Phil DeFreitas, the cricket all-rounder from the 1988 era, went to Willesden High School in north London. Its playing fields were dug up to build a new City Academy, with a glittering building by Sir Norman Foster. It has a basketball court and an Astro Turf pitch for football, but no lovingly watered cricket wicket. It is no surprise that when DeFreitas retired he ended up as a cricket coach not at his old school, but at Oakham, where his experience was used to train future privately educated Stuart Broads, not comp kids like himself.

It is not just the equipment, however. Lee Elliot Major, at the Sutton Trust, says: “There are just not enough state schools that have an aspirational culture. The grammar schools, whatever you may have thought of them, created pupils who aspired, and most independent schools share that. This is as true for pop stars as it is for doctors and lawyers.”

Jo Dickinson, an accountant and mother of three, is about to send her 11-year-old daughter to a private girls’ school. Both she and her husband, a banker, attended comprehensive schools. “My school was good, but it did nothing to nurture me or give me confidence,” she says. “My daughter’s school prides itself on inviting artists and actors as well as doctors and lawyers to give talks to the girls. It’s just something I never had.”

Rachel Johnson, the journalist and sister of Boris, says: “It’s peace of mind. That’s what you are getting when you take on that third mortgage to pay for fees. It’s the peace of mind that you can’t do anything more for your children.”

She thinks the fabled confidence that private schools give their pupils is more of a “veneer”. She, like many parents, frets that this comes with a major disadvantage. Namely, that children will mix in too narrow a social group, shut off from the real world. But this is usually outweighed by the hope that, articulate or not, they will get a leg-up, often in the form of an unpaid internship. In the 1980s, just five per cent of the film industry workforce had under-taken unpaid work, but this rose to 45 per cent over the last decade.

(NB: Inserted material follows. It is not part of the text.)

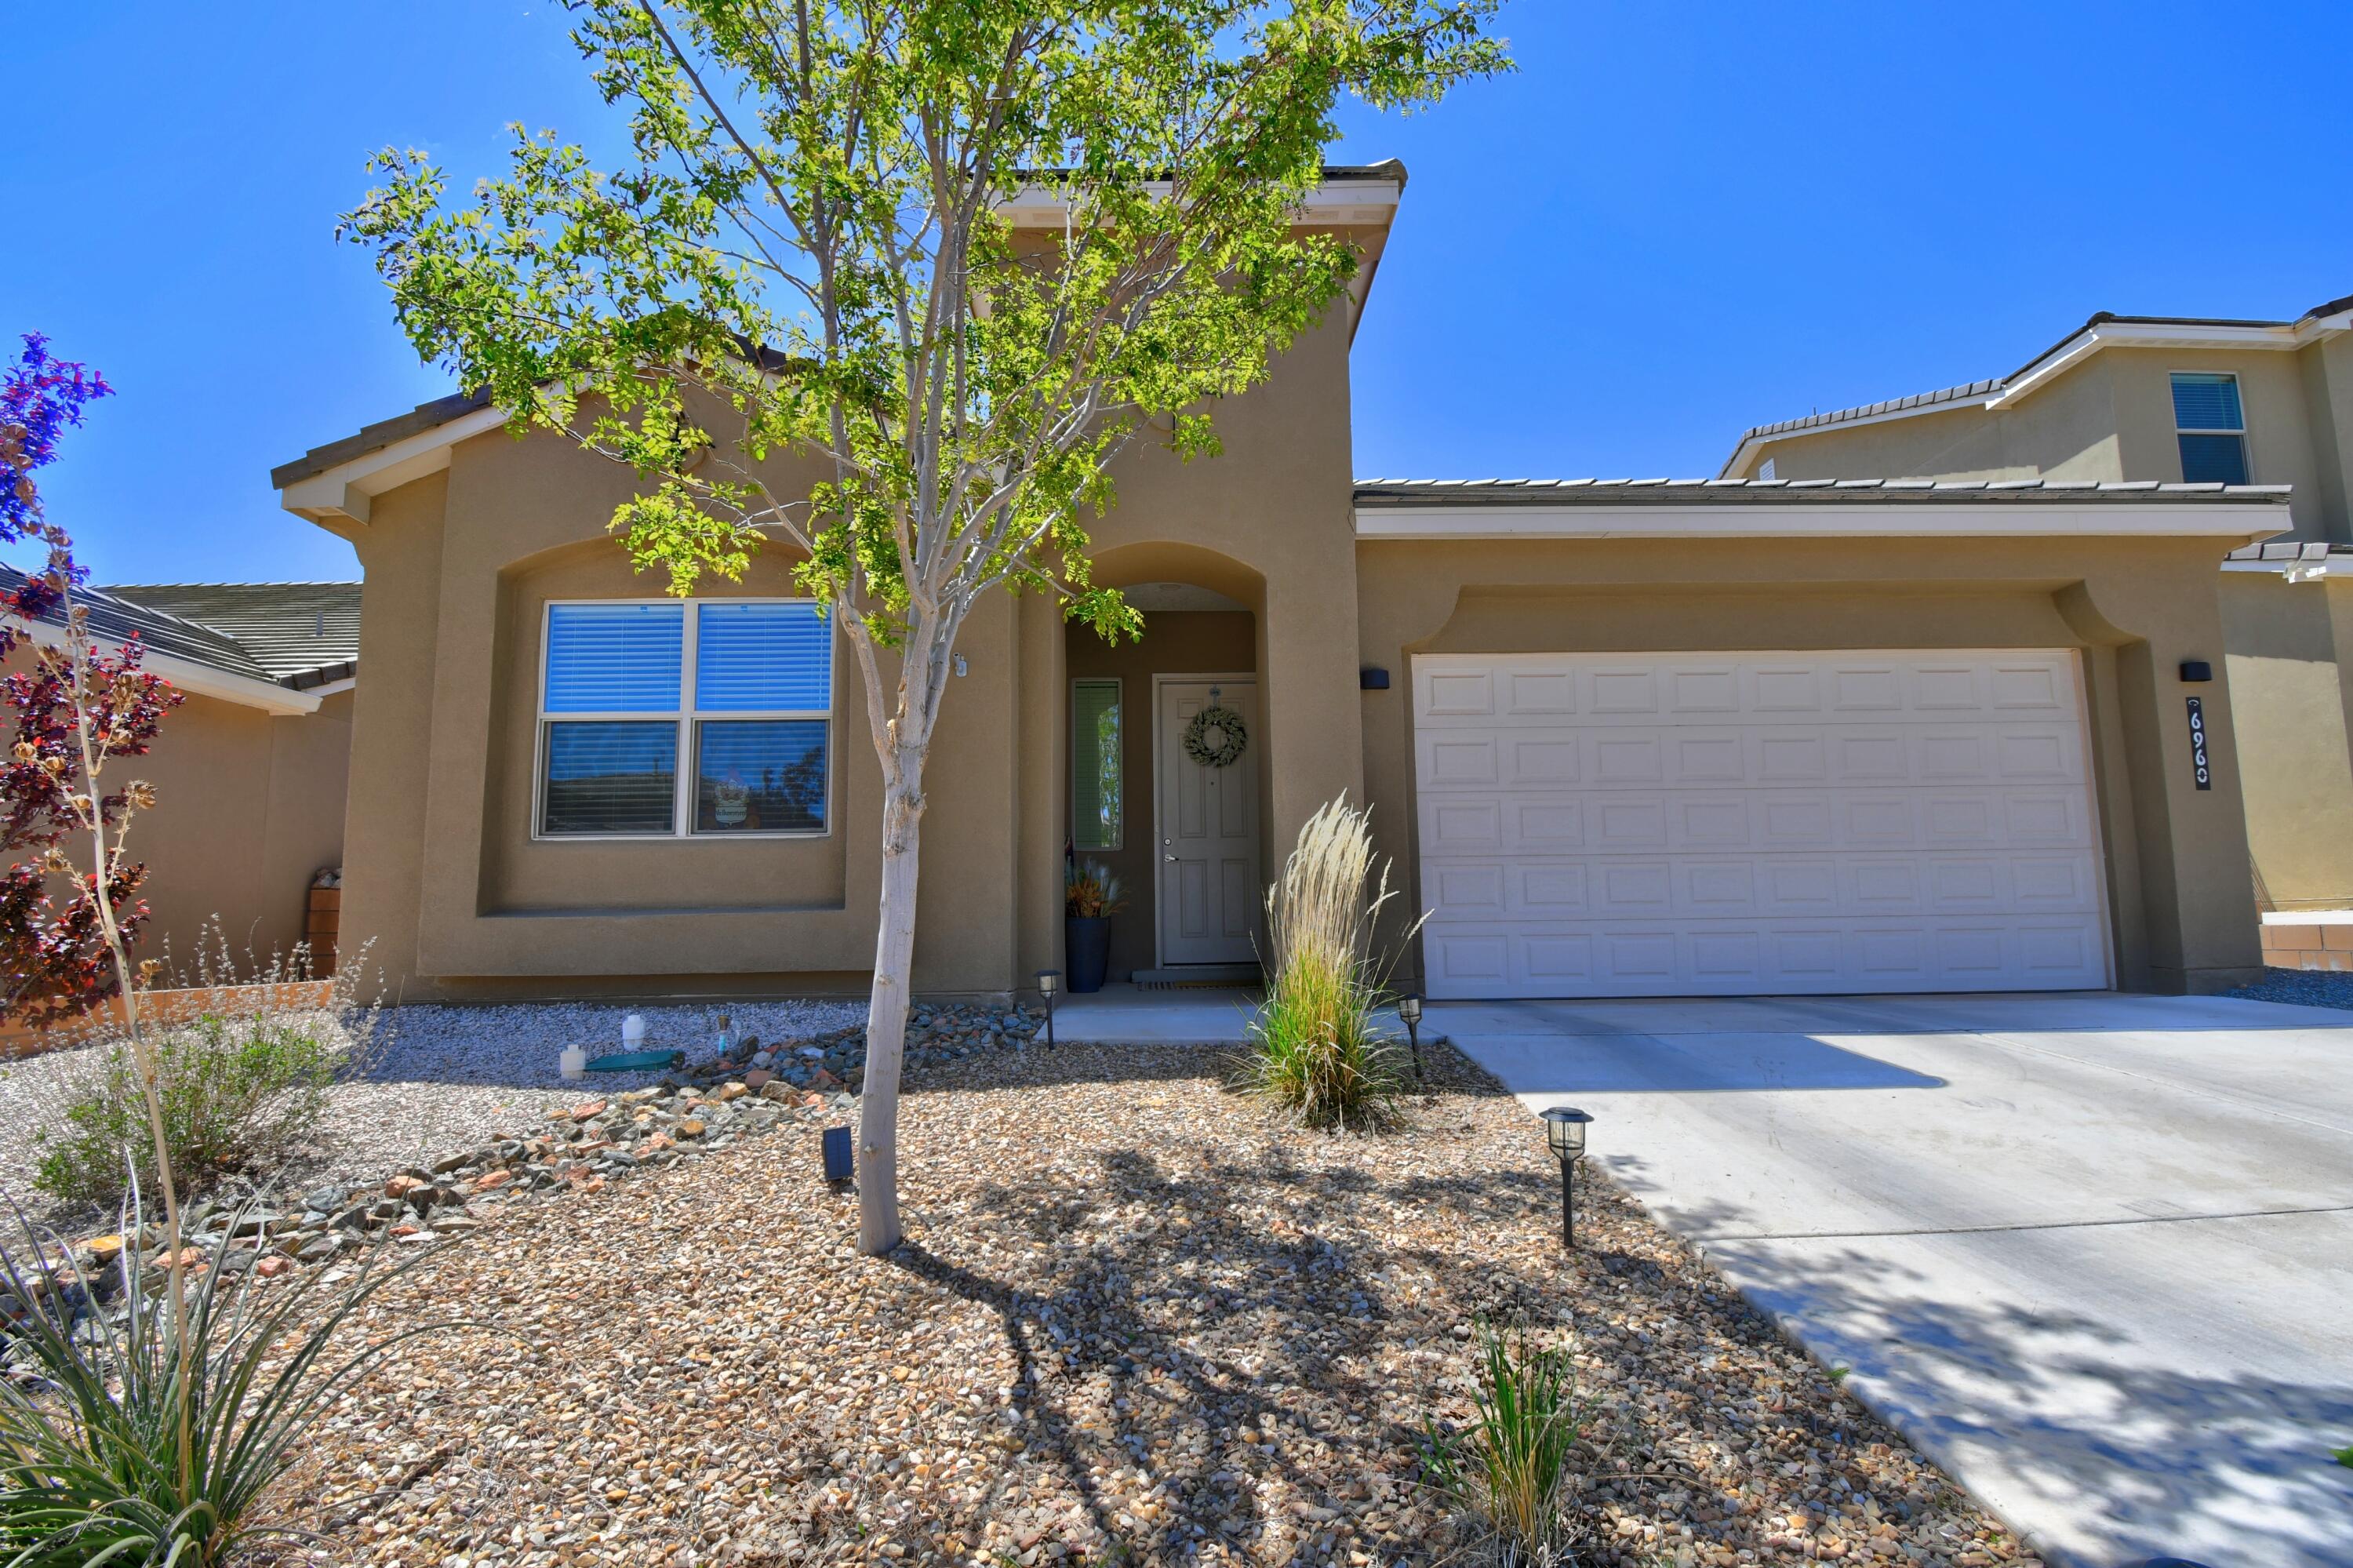 6960 Dusty Drive NE, Rio Rancho, New Mexico 87144, 3 Bedrooms Bedrooms, ,2 BathroomsBathrooms,Residential,For Sale,6960 Dusty Drive NE,1060751

Ryan Shorthouse, at the Social Market Foundation, and author of a report about access to the creative industries, says it is not the unpaid element that is the key barrier. “Bright, talented and enthusiastic people will always find the means and ways to fund an unpaid internship; but they don’t all have access to the network of these internships. This is particularly the case in the creative industries, which tend to be made up of small firms, without the large-scale work experience schemes accountancy or law firms have.”

The confidence that privately educated children are supposed to possess is generated not just by small class sizes, world-class facilities and an encouragement to aspire. It comes from an innate understanding that they will grow up knowing the right people, that there is a network they can tap into. As Dr Elliot Major says: “Politicians talk of soft skills; it’s more than that. They are life-defining skills – that is what the top private schools are so good at giving their pupils.”

This is something that parents who are lucky enough to have money understand. For all the promises from Michael Gove’s education department to inject academic rigour into the state school system, governments will always struggle to compete with the “life-defining skills” on offer in the private system.